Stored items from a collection
►

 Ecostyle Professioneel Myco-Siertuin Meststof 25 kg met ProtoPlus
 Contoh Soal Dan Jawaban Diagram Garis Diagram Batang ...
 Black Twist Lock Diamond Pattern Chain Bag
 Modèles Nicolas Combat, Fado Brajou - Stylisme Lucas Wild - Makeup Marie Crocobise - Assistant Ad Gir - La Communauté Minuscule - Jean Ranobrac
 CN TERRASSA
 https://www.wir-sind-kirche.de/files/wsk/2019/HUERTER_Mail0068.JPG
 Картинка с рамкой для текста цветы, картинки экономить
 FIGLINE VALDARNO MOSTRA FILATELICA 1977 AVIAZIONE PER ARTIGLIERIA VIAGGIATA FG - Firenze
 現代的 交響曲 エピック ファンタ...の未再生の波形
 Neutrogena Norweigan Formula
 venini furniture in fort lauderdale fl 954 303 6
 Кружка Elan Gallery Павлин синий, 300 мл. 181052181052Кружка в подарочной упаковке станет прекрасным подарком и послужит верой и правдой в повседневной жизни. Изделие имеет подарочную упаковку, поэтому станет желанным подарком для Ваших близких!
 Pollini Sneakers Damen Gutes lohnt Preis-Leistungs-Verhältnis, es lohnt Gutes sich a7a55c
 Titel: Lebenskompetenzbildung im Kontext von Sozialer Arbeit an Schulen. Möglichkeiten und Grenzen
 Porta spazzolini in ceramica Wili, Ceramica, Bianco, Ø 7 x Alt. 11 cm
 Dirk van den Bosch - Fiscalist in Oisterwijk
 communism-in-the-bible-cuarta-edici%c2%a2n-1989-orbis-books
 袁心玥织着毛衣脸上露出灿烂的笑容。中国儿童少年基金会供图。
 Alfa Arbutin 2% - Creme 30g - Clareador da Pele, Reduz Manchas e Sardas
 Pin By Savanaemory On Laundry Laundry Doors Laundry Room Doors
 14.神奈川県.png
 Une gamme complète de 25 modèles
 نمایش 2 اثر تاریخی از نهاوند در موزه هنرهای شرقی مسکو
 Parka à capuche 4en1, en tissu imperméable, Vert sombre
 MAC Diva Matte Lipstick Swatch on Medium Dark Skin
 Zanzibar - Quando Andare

◄

> **Problem to solve**
Copy all of the data exactly. Skip nothing.

> **Answer space**
 Ecostyle Professioneel Myco-Siertuin Meststof 25 kg met ProtoPlus
 Contoh Soal Dan Jawaban Diagram Garis Diagram Batang ...
 Black Twist Lock Diamond Pattern Chain Bag
 Modèles Nicolas Combat, Fado Brajou - Stylisme Lucas Wild - Makeup Marie Crocobise - Assistant Ad Gir - La Communauté Minuscule - Jean Ranobrac
 CN TERRASSA
 https://www.wir-sind-kirche.de/files/wsk/2019/HUERTER_Mail0068.JPG
 Картинка с рамкой для текста цветы, картинки экономить
 FIGLINE VALDARNO MOSTRA FILATELICA 1977 AVIAZIONE PER ARTIGLIERIA VIAGGIATA FG - Firenze
 現代的 交響曲 エピック ファンタ...の未再生の波形
 Neutrogena Norweigan Formula
 venini furniture in fort lauderdale fl 954 303 6
 Кружка Elan Gallery Павлин синий, 300 мл. 181052181052Кружка в подарочной упаковке станет прекрасным подарком и послужит верой и правдой в повседневной жизни. Изделие имеет подарочную упаковку, поэтому станет желанным подарком для Ваших близких!
 Pollini Sneakers Damen Gutes lohnt Preis-Leistungs-Verhältnis, es lohnt Gutes sich a7a55c
 Titel: Lebenskompetenzbildung im Kontext von Sozialer Arbeit an Schulen. Möglichkeiten und Grenzen
 Porta spazzolini in ceramica Wili, Ceramica, Bianco, Ø 7 x Alt. 11 cm
 Dirk van den Bosch - Fiscalist in Oisterwijk
 communism-in-the-bible-cuarta-edici%c2%a2n-1989-orbis-books
 袁心玥织着毛衣脸上露出灿烂的笑容。中国儿童少年基金会供图。
 Alfa Arbutin 2% - Creme 30g - Clareador da Pele, Reduz Manchas e Sardas
 Pin By Savanaemory On Laundry Laundry Doors Laundry Room Doors
 14.神奈川県.png
 Une gamme complète de 25 modèles
 نمایش 2 اثر تاریخی از نهاوند در موزه هنرهای شرقی مسکو
 Parka à capuche 4en1, en tissu imperméable, Vert sombre
 MAC Diva Matte Lipstick Swatch on Medium Dark Skin
 Zanzibar - Quando Andare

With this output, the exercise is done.